Data suggest that PF (mice for 48–72 h, humans 4–5 days) may induce metabolic changes which delay the growth of damaged cells, without the negative side effects and limitations associated with chronic CR. In rats, fasting for 8 days or 40 % CR for 3 months, reduces pre-neoplastic liver masses by 20–30 %. Putative pre-neoplastic liver foci have significantly lowered DNA replications but increased apoptosis during PF, resulting in the reduced number and volume of putative pre-neoplastic liver foci by 85 % throughout the following 17 months (Grasl-Kraupp et al. 1994). However, in contrast to the protective effect of chronic CR on carcinogenesis (Tagliaferro et al. 1996), fasting followed by refeeding sustained tumor initiation in the rat liver enhances the growth of aberrant crypt foci in the colorectal mucosa and mammary tumors even by otherwise non-initiating carcinogen doses (Premoselli et al. 1998; Sesca et al. 1998; Tessitore et al. 1999).

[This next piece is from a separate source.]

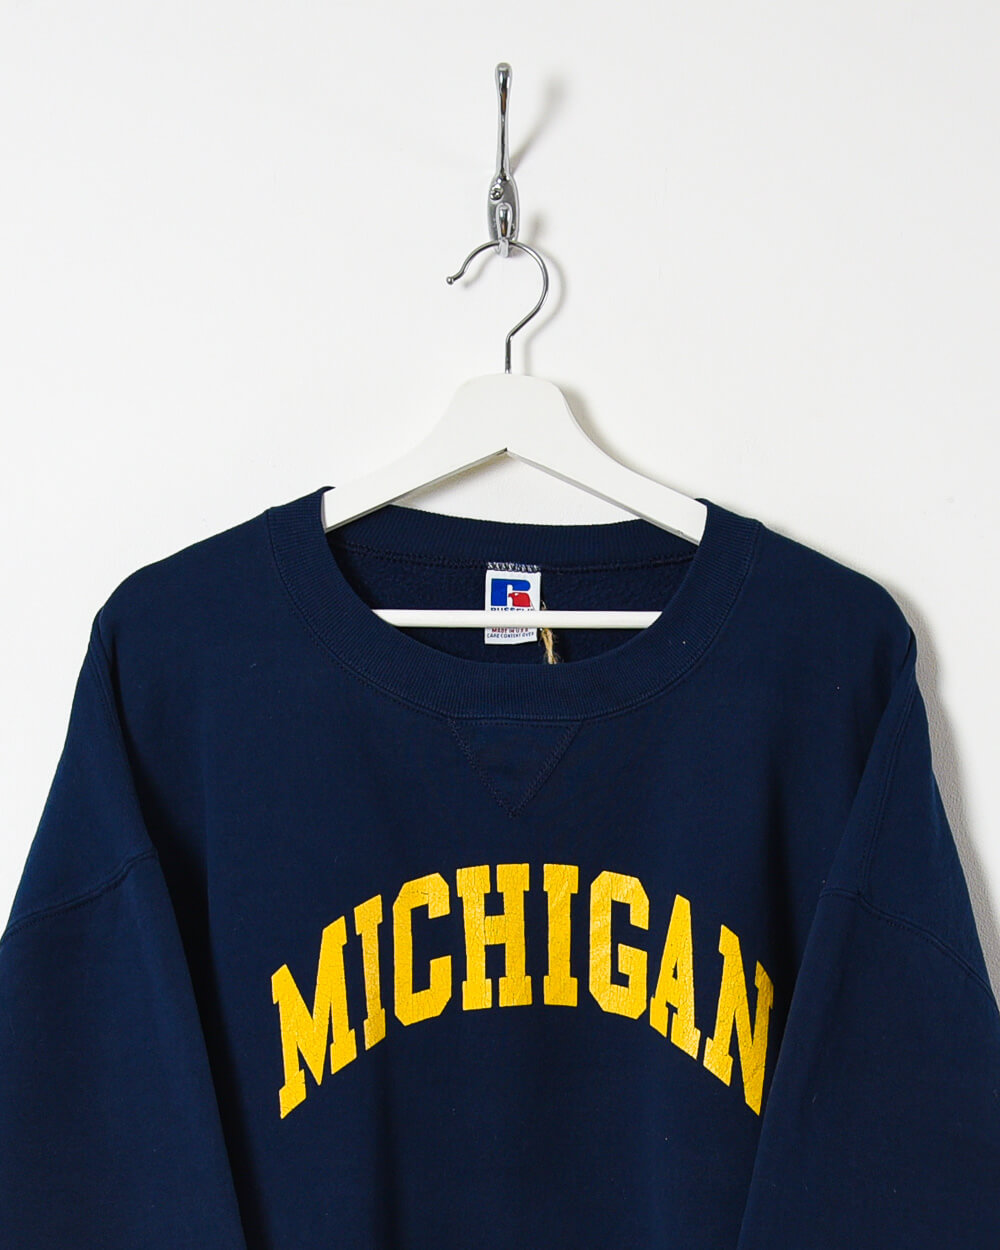 Navy Russell Athletic Michigan Sweatshirt - X-Large

Given that the refeeding phase is associated with increased cellular proliferation in the liver and colorectal epithelium (Brandhorst et al. 2015; Cuervo et al. 2005), exposure to carcinogens during this period might explain these effects. Therefore, it is of importance to consider that normal food intake following PF should be initiated once the half-life of potential carcinogens indicates its expiration. Despite these caveats, PF has been shown to have potent protective effects in cancer treatment, in part due its impact on host metabolism. PF decreases blood glucose in mice by up to 75 % whereas long-term CR or IF cause a 15 % reduction (Longo and Mattson 2014; Lee and Longo 2011); this seems of particular importance given the glucose dependent phenotype of many cancer cells (Vander Heiden et al. 2009; Warburg 1956). PF reduces the pro-proliferative growth factor IGF-1 by up to 75 % (Lee et al. 2010; Underwood et al. 1994), while chronic CR causes a 25 % IGF-1 reduction in mice (Barger et al. 2008) and has no impact on IGF-1 levels in humans unless combined with protein restriction (Fontana et al. 2008). Furthermore, chronic DR with protein restriction only causes a 30 % reduction in IGF-1 for humans (Fontana et al. 2008).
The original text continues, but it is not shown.